FabergeEggsMy new book FABULOUS FABERGE’ EGGS is up on Reading a-z. It looks great! For those who aren’t familiar with the Fabergé Eggs, they tell a story of art, history, and tragedy all tied up in an Easter egg. The eggs were crafted from precious metals and jewels by Carl Fabergé for the Russian czars to give as Easter gifts to the czarinas. Each egg opened to reveal a surprise inside: miniatures, tiny automatons, etc. that related to the history of Russia.

After the assassination of Czar Nicholas II and his family, the new Russian government sold many of the eggs and they were scattered over the world. Today, a single egg is worth millions of dollars — and some are still missing. Now that is an Easter egg worth hunting!

This book was fun to research and write, but it is not my first dip into Easter eggs for writing material. I wrote about Ukrainian Easter eggs for an historical novel set in Stalin’s 1932 Ukraine. In fact, you might say this book started with an Easter egg. It was a gift from my husband — and led me to research more about this fascinating country and culture that has endured despite invasion, occupation and suppression.
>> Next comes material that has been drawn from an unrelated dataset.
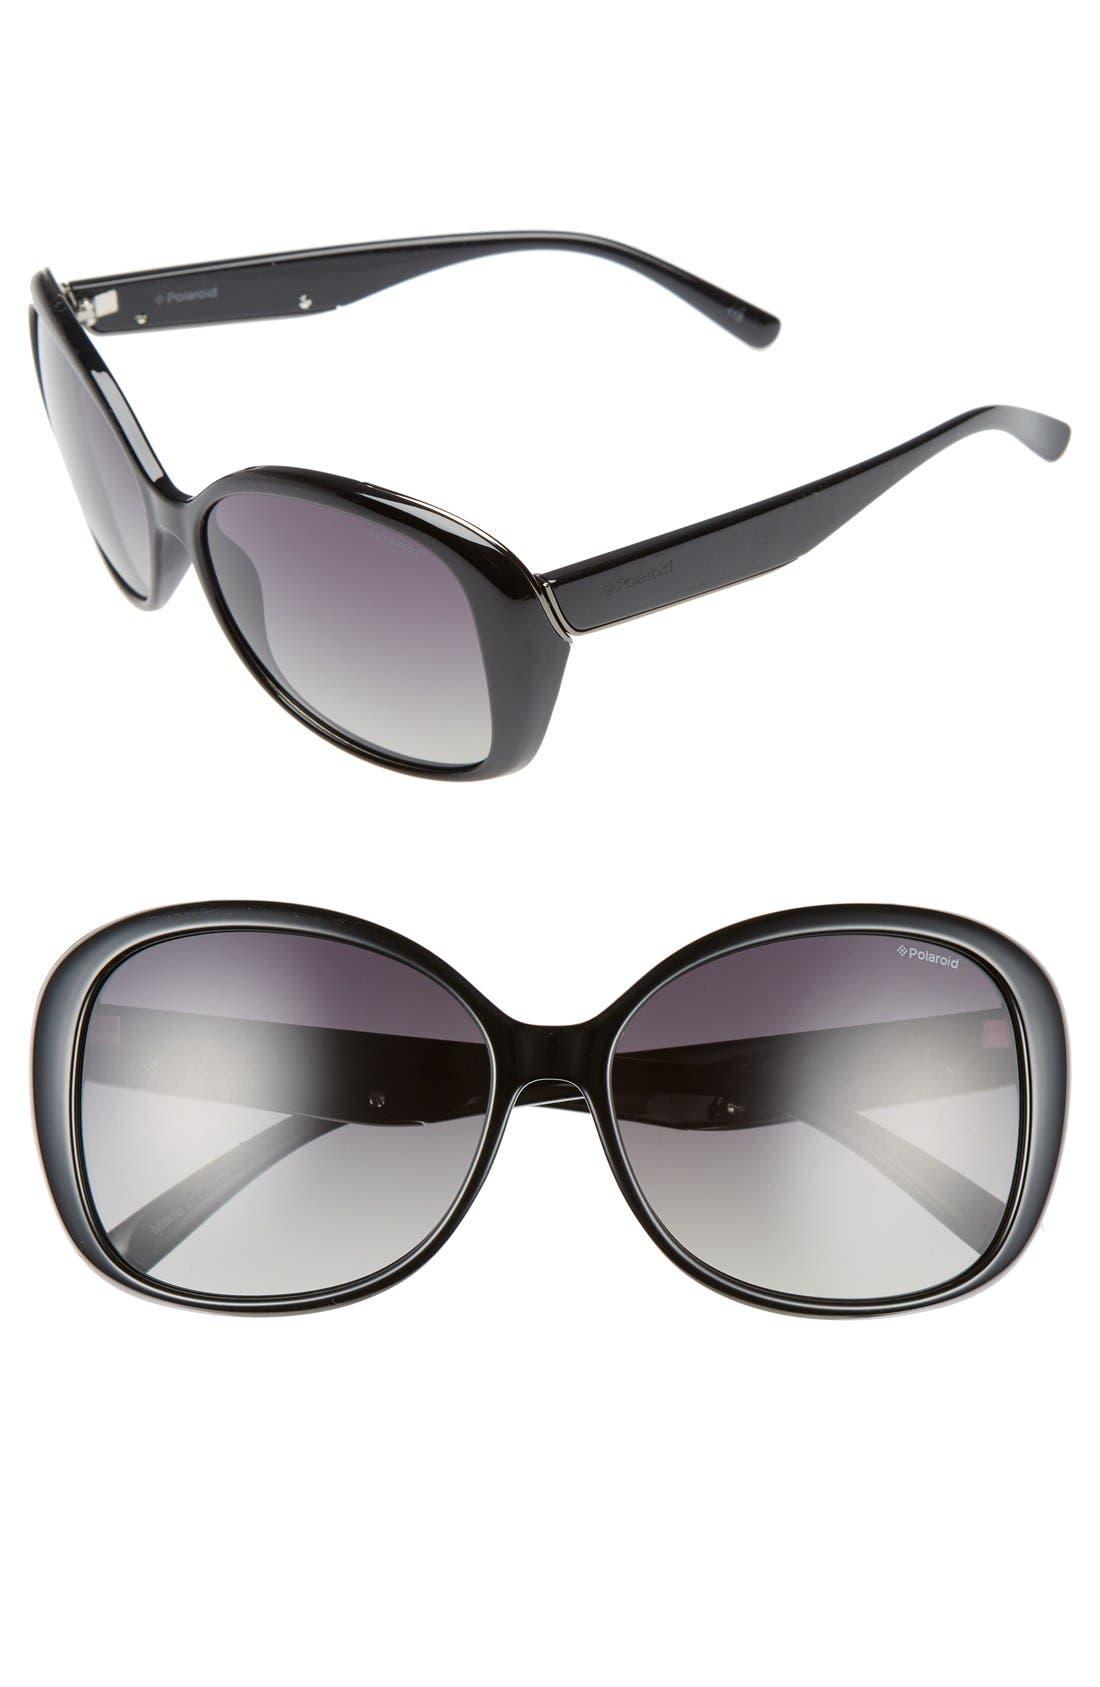 59mm Polarized Sunglasses,                         Main,                         color, Shiny Black/ Green Polarized
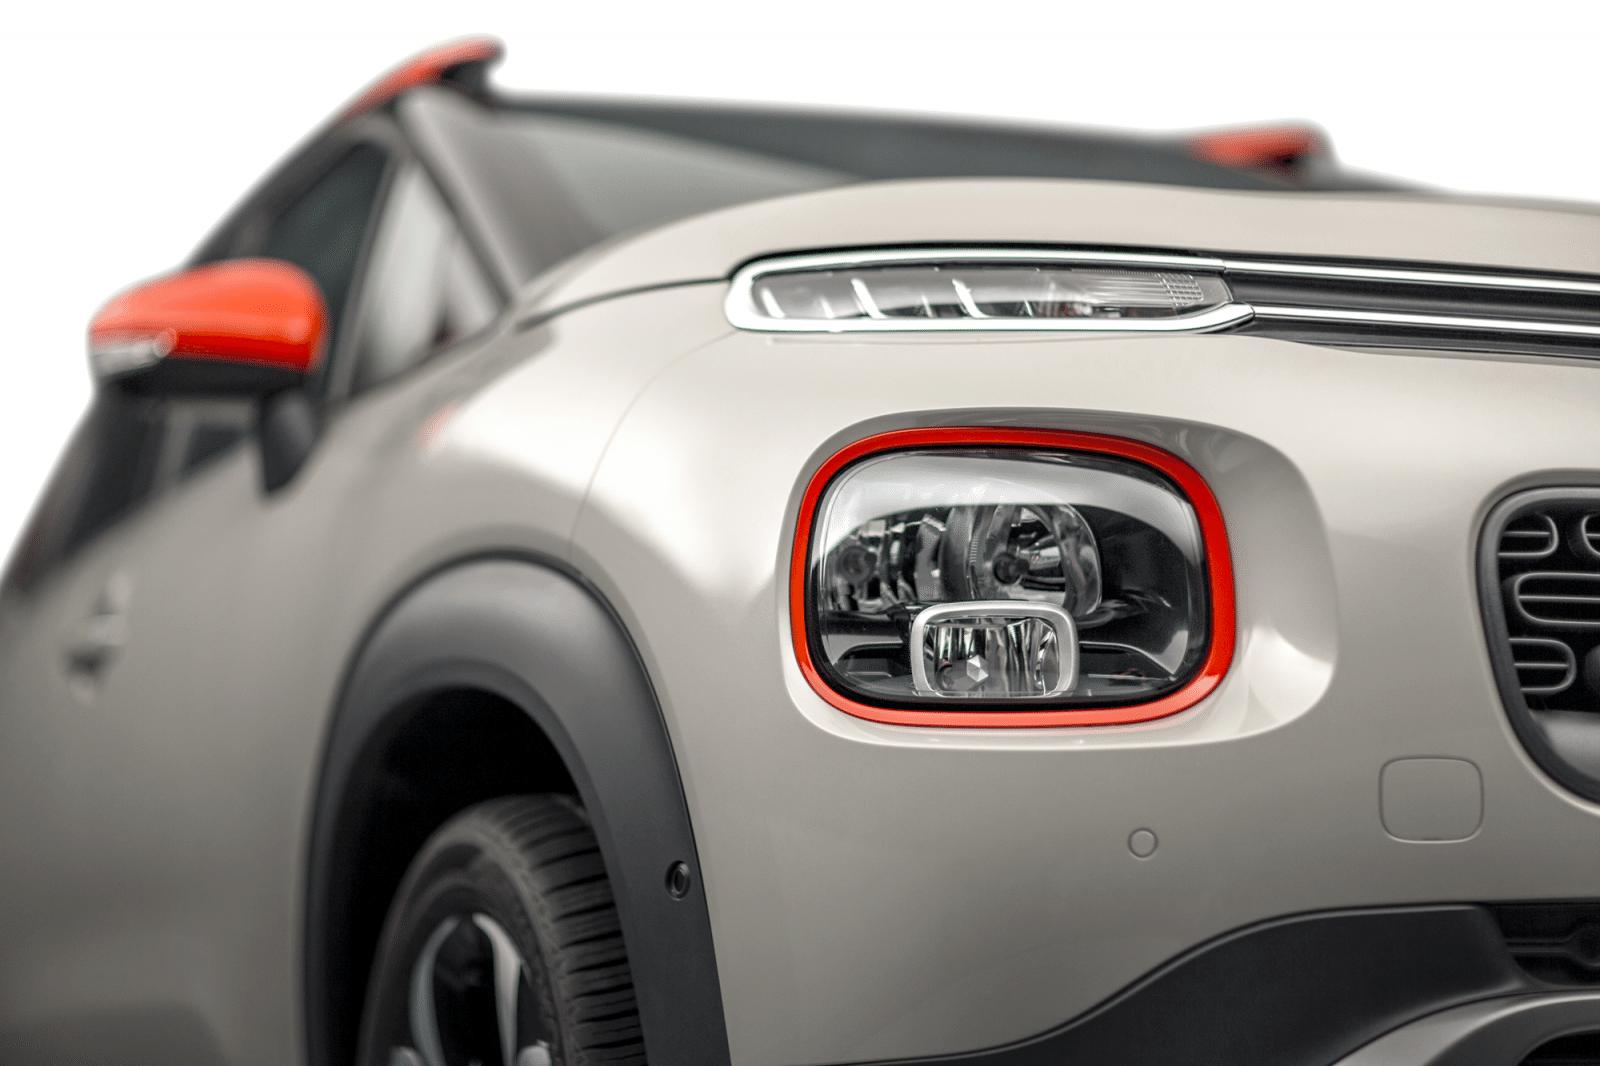 SUV Compact C3 Aircross

Ukrainian Easter eggs are made by using hot wax to make designs then repeatedly dipping the egg in different dyes after each part of the design is finished. I got a lot of help from Olga, my go-to expert, on the process. See a step-by-step guide on how they are made, plus lots of info on the history and culture of Ukrainian Easter eggs at her website: www.eggs-files.com. Caution!! You won’t be able to resist buying one of her creations. They are gorgeous.

Happy Easter!

One Thought on “The Egg and I

  1. I hadn’t thought about Easter that way beorfe. Sort of a no-pressure celebration with chocolate! What’s not to love?! I think it meant more when I lived in England and spring was so much more important. In southern California we don’t really have seasons, just a year-round climate.